Archive

Posts Tagged ‘Web Mining’

Monitoring brand using discourse analysis

 

Learning public opinion (or sentiment) about Your brand in traditional way is expensive because surveys or focus groups take much time and human work. Probably in near future alternative solution will gain recognition as some technology vendors launched tools for brand monitoring using text analytics. Initial review of these attempts appeared yesterday on SmartData Collective.

Monitoring brand using discourse analysis differs, to some extent, from the approach based on text analysis. I have very fresh example – a tool for monitoring opinion about retail nets (supermarkets). And now some words how it is made and how it works.

Building Monitor. Analysis of the discourse in the corpus of Internet discussions related to supermarkets gave a collection of subjects interesting for interlocutors, and a collection of expressions of their attitudes.  Using these results the complex queries for semantic search were built for the learning research. It is the crucial stage – we should learn very details of the discourse, and get its math at the same time, as the basis for justification and calibration of the Monitor. The final task is relatively easy – to implement the results and build a “machine” using accessible technology.
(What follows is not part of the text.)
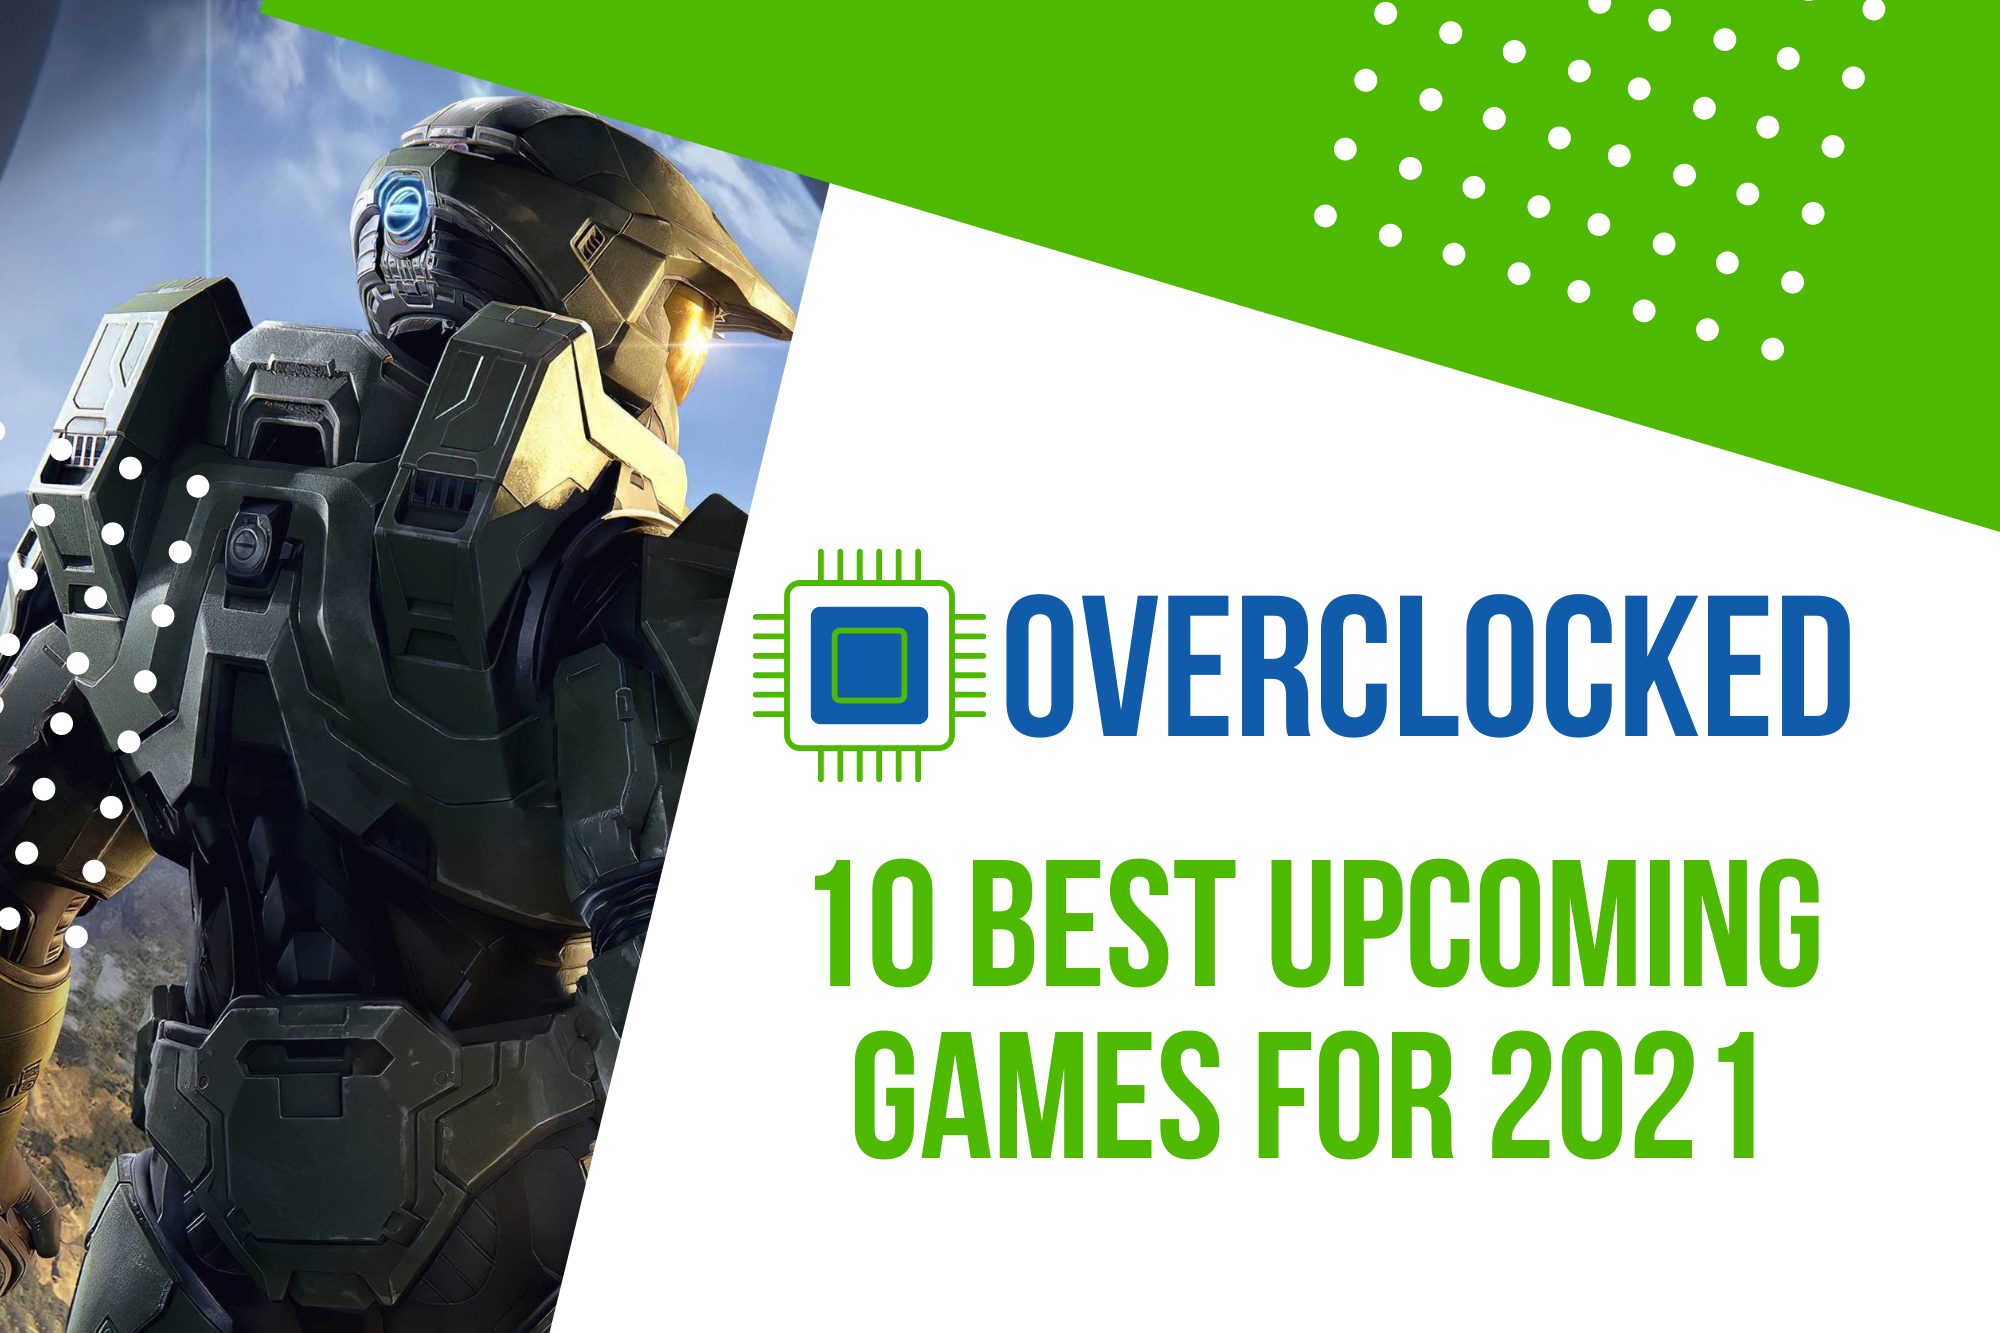 10 Best Upcoming Games For 2021

How Monitor works. The data for each retail brand is collected using semantic search. Monitor makes all the calculus according to calibrating formulas and provides figures ready for presentation. Please see the pictures made for presentation only (not production version).

First are the “profile” – how the brand is perceived, i. e. how it is distinguished vs the average Internet discourse. The result of such kind is often astonishing because the picture dramatically differs from that of Customer’s (user of monitor) wishes, from official image and marketing buzz. Moreover, the interlocutors’ categories (vertical in the charts) also differ.

Then there is a comparison of the brands monitored. The charts show how people value each brand with regard to the same categories.  2 charts with negative opinions (general index only) are presented as the example.

The third important group of results regards monitoring itself, i. e. presentation of the changes. It depends on the Customer needs. Some customers want to observe the effects of promotional campaigns, and for such purpose day-to-day monitoring is appropriate. Some want to know the general trends… etc.

Streamlining web mining

 

Last Sunday I submitted my comment to the people vs machine debate in Research Magazine. Some readers of this comment asked me how I get 97% accuracy of sentiment changes’ measurement in the Web Mining.

Web text analytics is rather new field of research and everybody is using its own approach. So, I would only advice – don’t want to be too quick. If you collect millions of records and focus on thousands of specific sentiment-rich expressions, first look at this data. Make some basic descriptive statistics (Yes!), make some charts of the frequency distributions etc. Try to find proper way of stratification, using your best proven approaches and tools. Don’t avoid this basic examination – I write this because I see many freshmen in analytic business who want to cut corners.

If you find good way of data stratification you will undoubtedly notice, that some expressions occur most frequently in one or two or three specific contexts or specific subject domains. Follow this clue, and limit further research to these expressions. This is the first step to the discourse mining (not simply text mining).

Next steps are obvious. Look for relations between various characteristics of the contexts, subject domains, and these “good” expressions. Make clustering in order to select subjects domains and texts you need. Make the selection from your corpus of texts.

There are a lot of tools to extrude rich and accurate information from data selected in this way.

Limiting the scope of study is the first and very basic way to streamline any research process. It is also a basic step used in Industrial Engineering in streamlining any manufacturing or business process.